# About this exercise:
When you reach a picture, skip it, and retype every line below exactly.

# Recorded data:
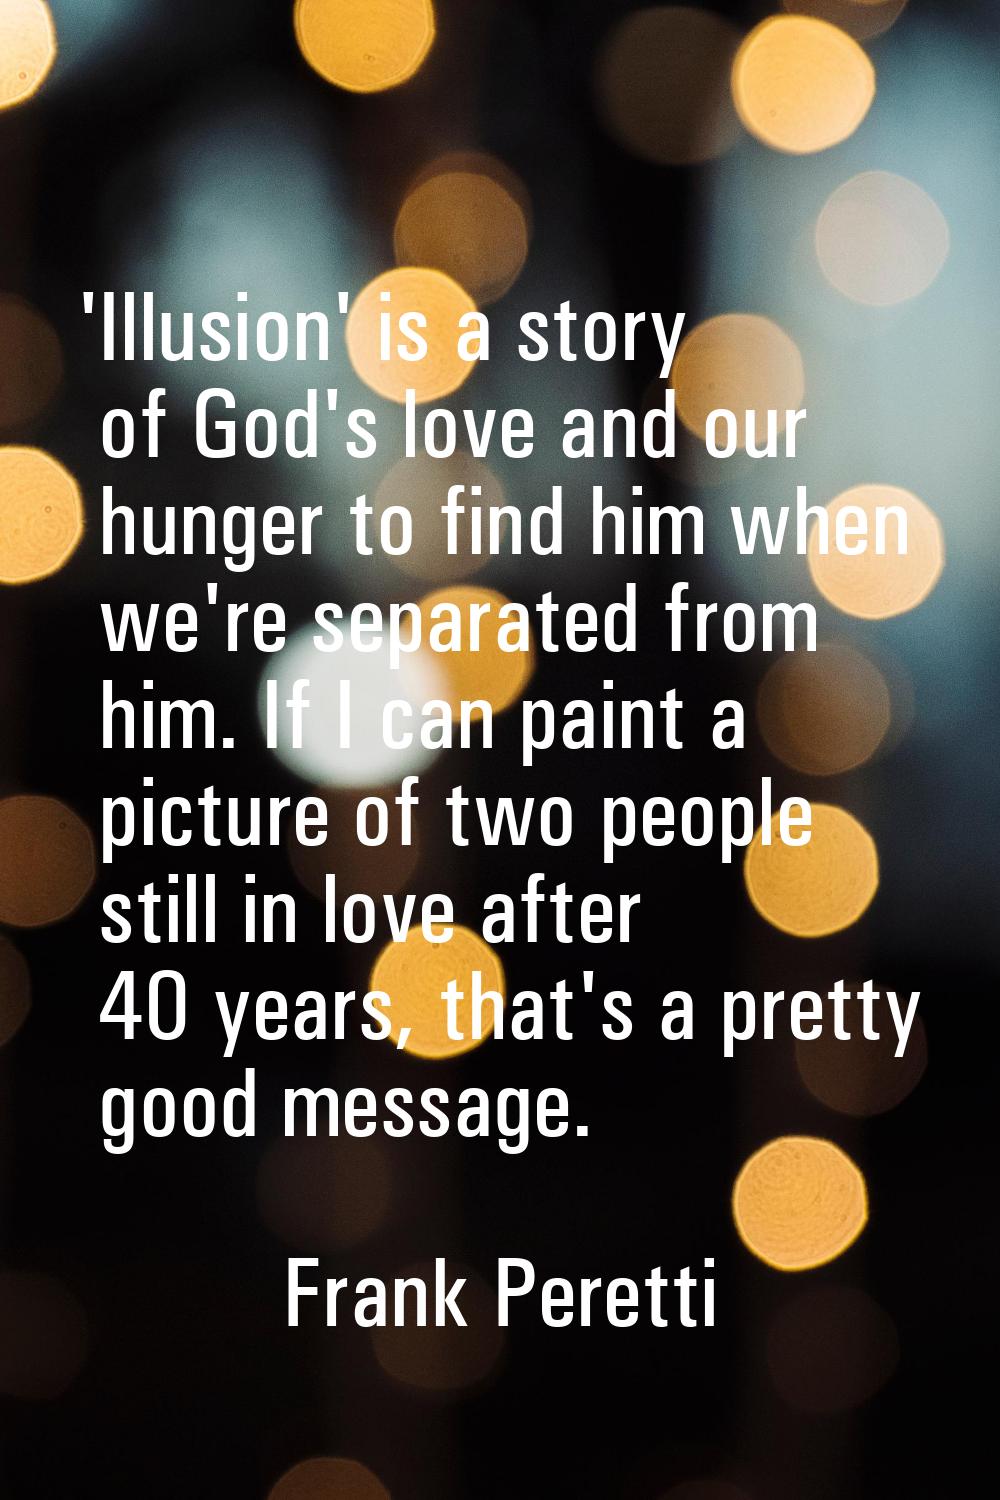 'Illusion' is a story of God's love and our hunger to find him when we're separated from him. If I 
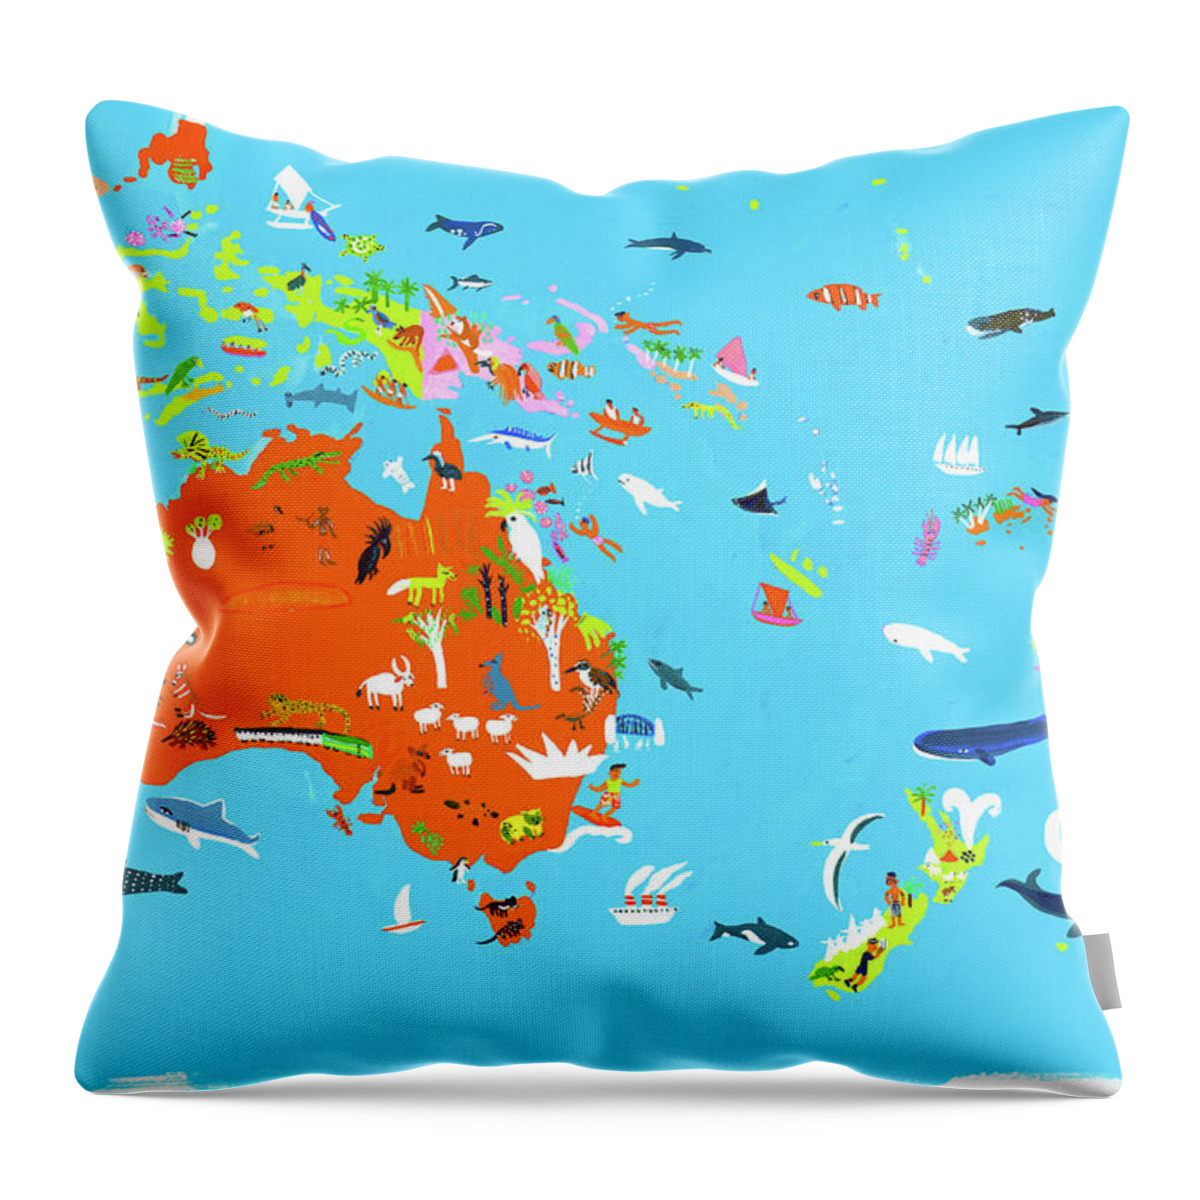 Abundance Throw Pillow featuring the photograph Illustrated Map Of Australasian by Ikon Ikon Images
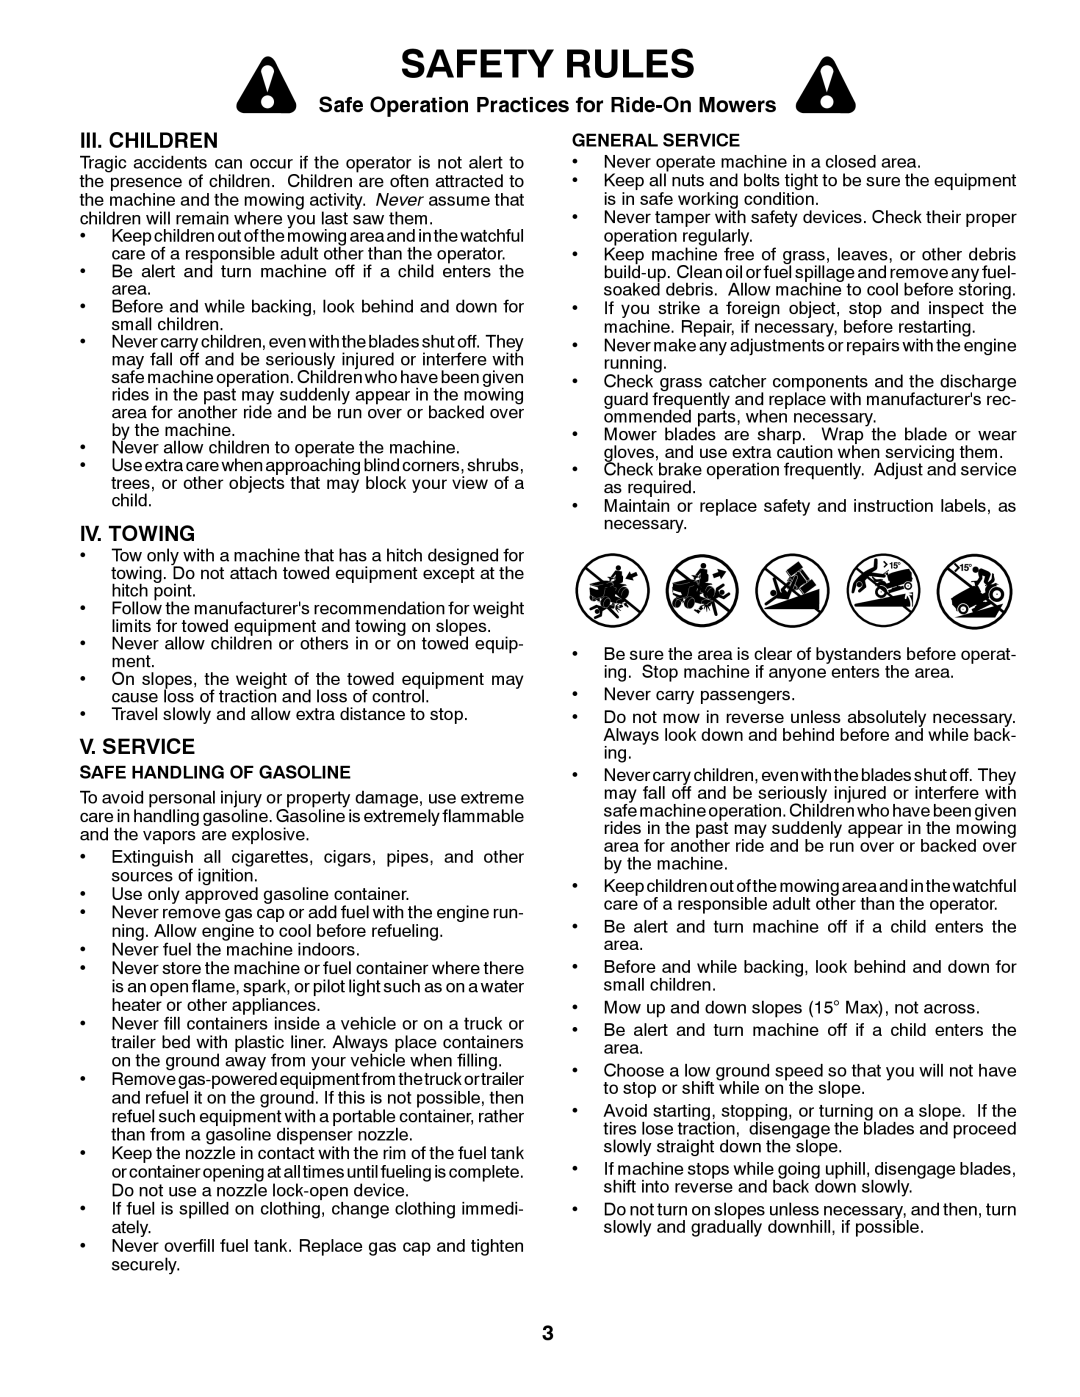 Jonsered LT2218A manual Iii. Children, Iv. Towing, V. Service, Safety Rules, Safe Operation Practices for Ride-On Mowers

# Task output:
 'Illusion' is a story of God's love and our hunger to find him when we're separated from him. If I 
 Abundance Throw Pillow featuring the photograph Illustrated Map Of Australasian by Ikon Ikon Images
 Jonsered LT2218A manual Iii. Children, Iv. Towing, V. Service, Safety Rules, Safe Operation Practices for Ride-On Mowers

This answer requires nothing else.